Logging out of an SFAuthenticationSession

I'm currently building an app using OAuth for authentication. Due to recent changes in the iOS 11 API I'd like to use the new SFAuthenticationSession to achieve this. The app already worked with the old SFSafariViewController and the switch to being able to log in with SFAuthenticationSession was very easy, so all is good until here.

But, this might be a stupid question: how do I log out? Invalidating the tokens is the easy part. But how do I clear the cookie on the login page? The way things are now I invalidate the tokens, reopen the SFAuthenticationSession, the login view pops up, it recognizes the cookie and logs the user in. Auth tokens are regenerated and we're back where we started.

So how do I clear the cookies?

Thanks in advance

(Also it wasn't clear in which board to post this. Sorry if I'm wrong here.)


Hmm, if noone knows the answer, can someone point me to someone else who could? 😕

Hi Jan,

I also have 100% the same problem but also no solution. I also found out that as a workaround, you can use the SFAuthenticationSession to sign out.
But this is confusing to the end-user.

We need to get the cookies deleted.
I hope we get an answer.

Hi Skor,

yes, I tested this option last week and got to the same conclusion as you. It works technically, but having an altert view popping up asking to log in when opening the logout page.. no. That's not an option.

I also opened a suggestion with Apple's BugReport tool a week ago, but I haven't gotten a reply yet. My StackOverflow post on this topic got a few upvotes last week, so interest in this issue is growing slowly. Hope this can be sorted out soon..

Any reply so far Jan.

Same boat here. We definitely need a way to clear cookies. I thought that maybe popping up a new SFSafariViewController at a logout page would work, but it doesnt.
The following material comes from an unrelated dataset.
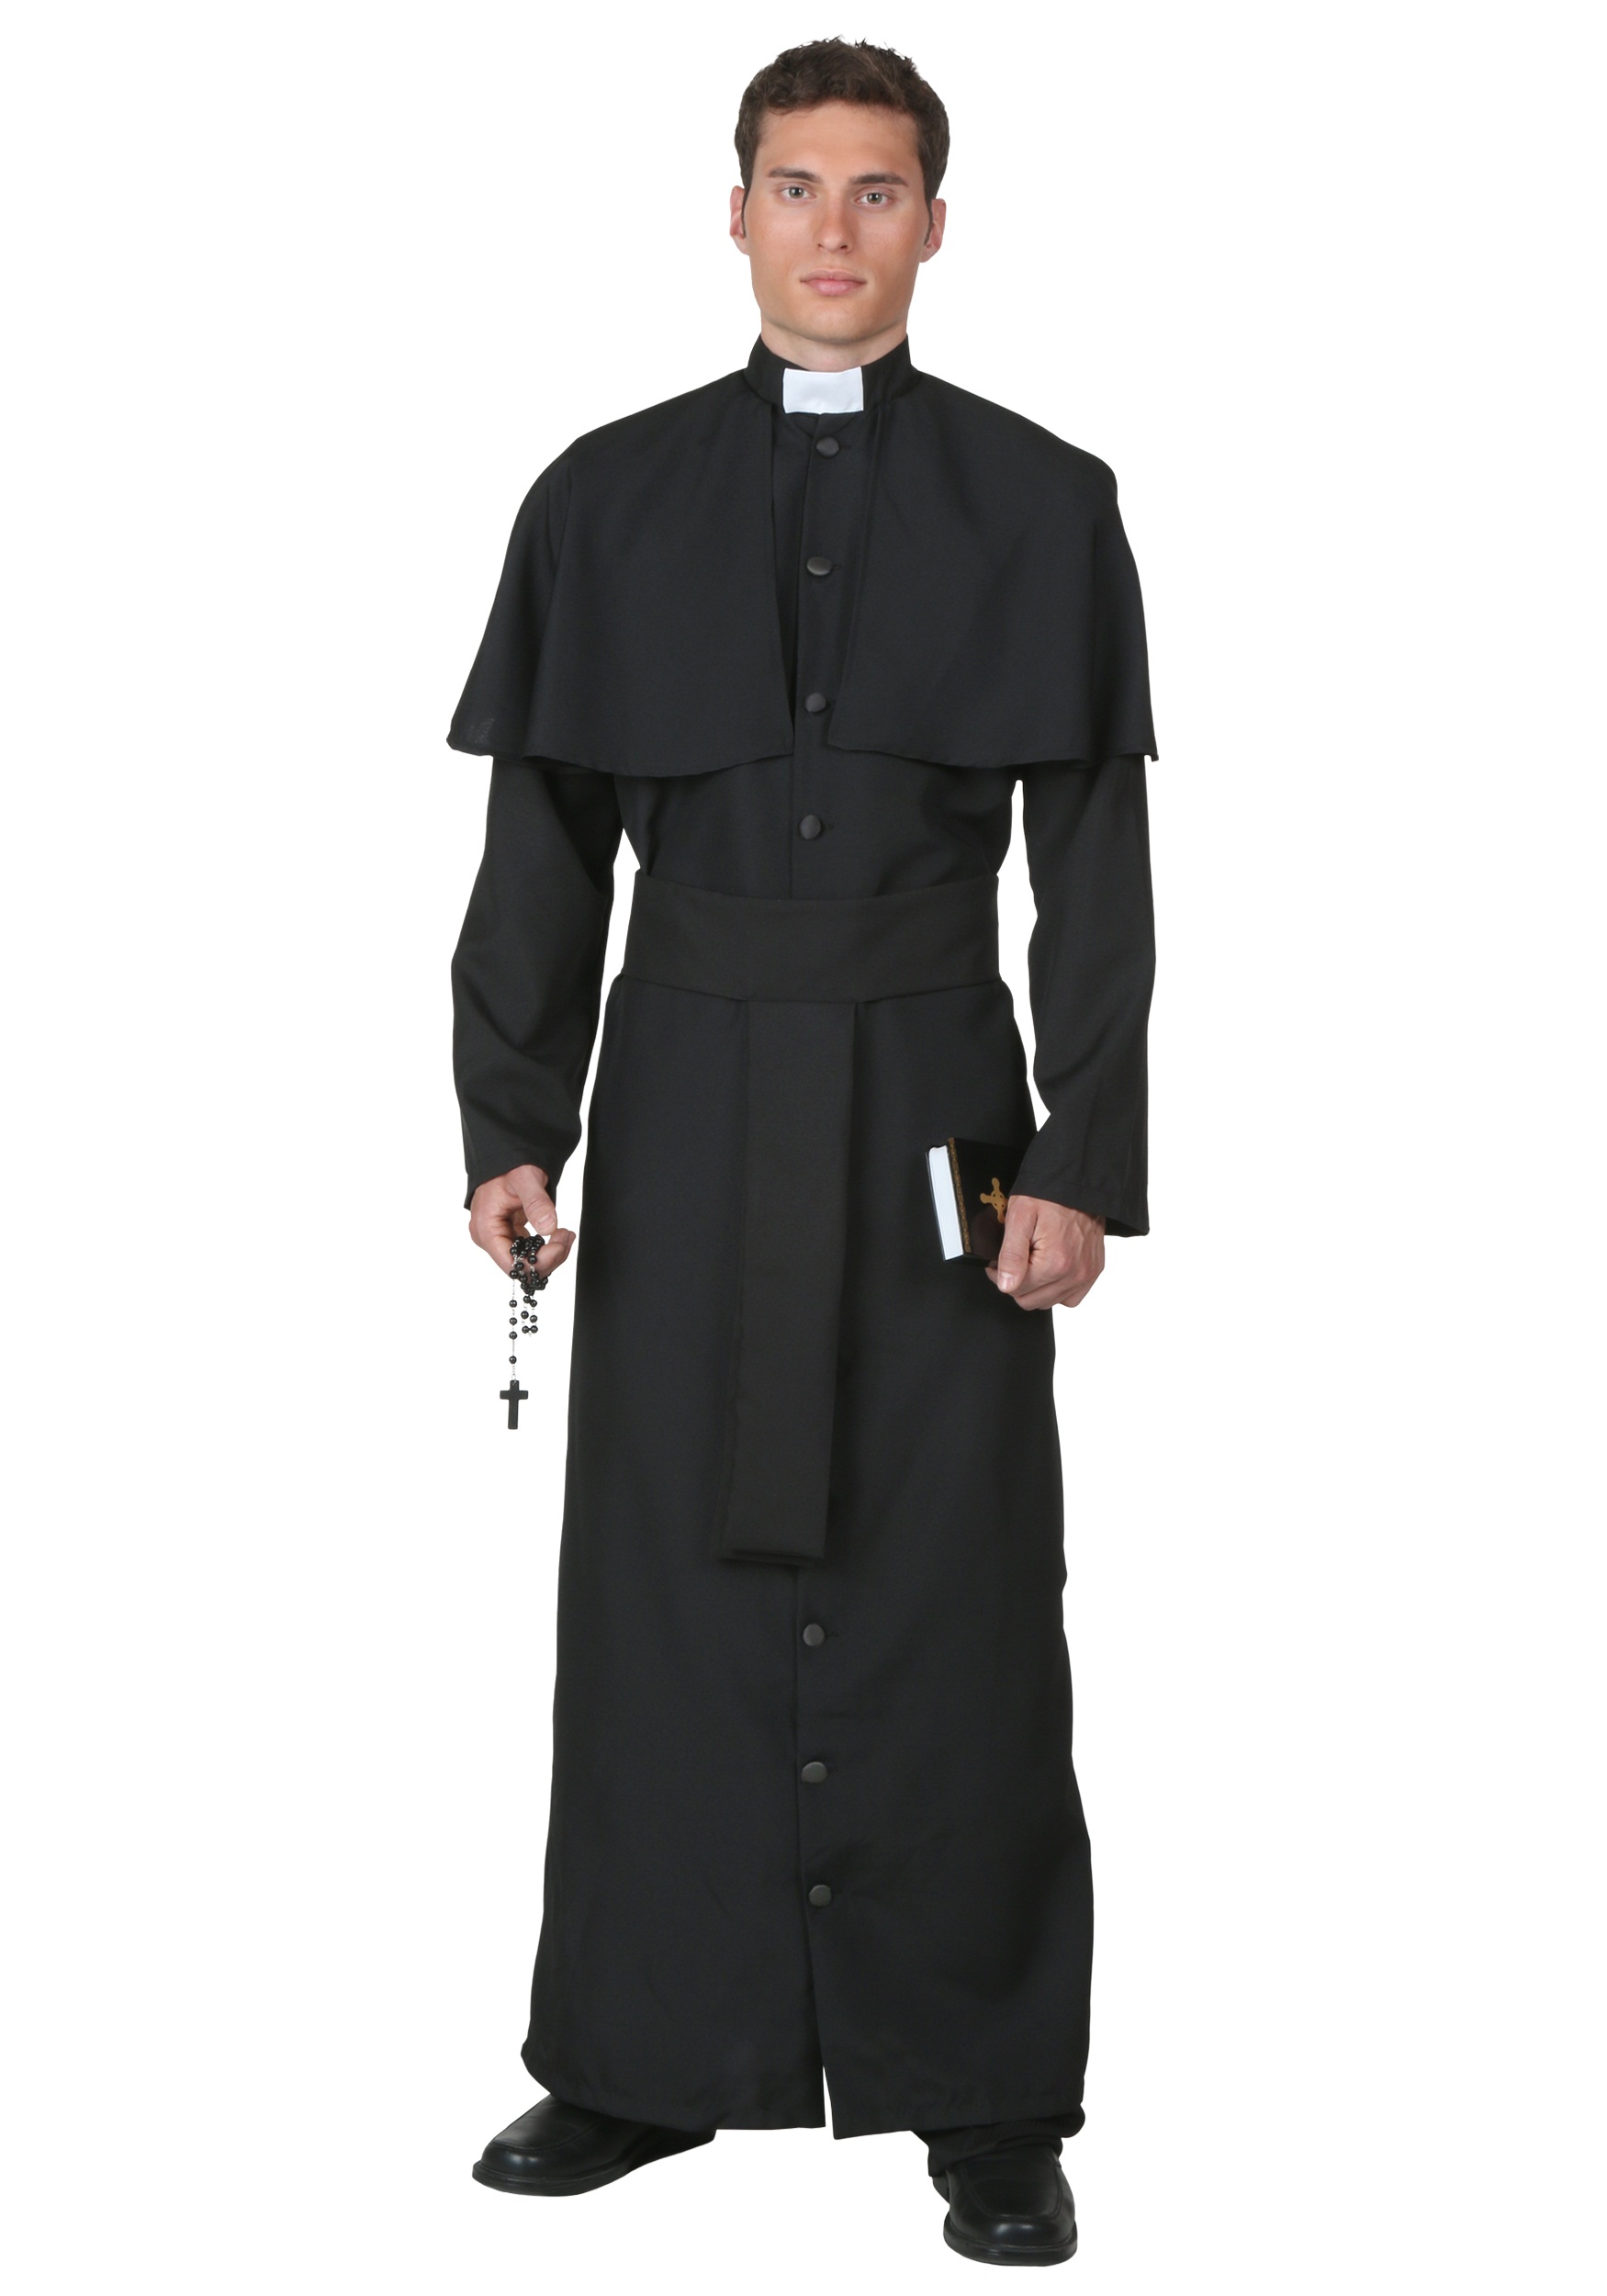 deluxe-priest-costume.jpg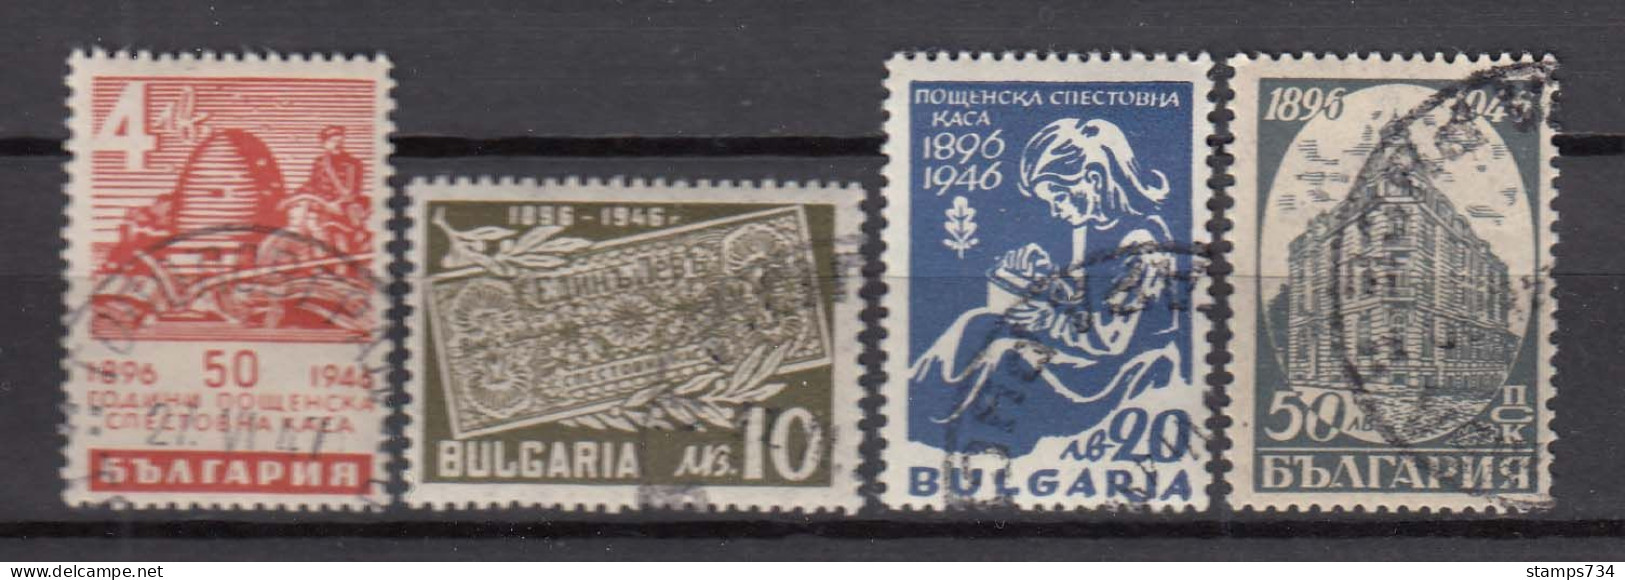 Bulgaria 1946 - 50 Jahre Bulgarische Postsparkasse, Mi-Nr. 524/27, Used (O) - Used Stamps

I have the same issue. Did you ever solve this?

I’m running into the same issue. Has anyone found a workaround for this?

I am using OpenId.AppAuth library to perfrom the OpenId authentication against OKTA for my Mobile application.

While setting up the Login part was really easy by showing the SFAuthenticationSession prompt and redirecting to OKTA.

I'm stuck up with the Logout though. I have tried to Delete all the cookies for my okta IDP url, however it looks like the user is stuck at login.

Is there any solution to resolve this or a workaround?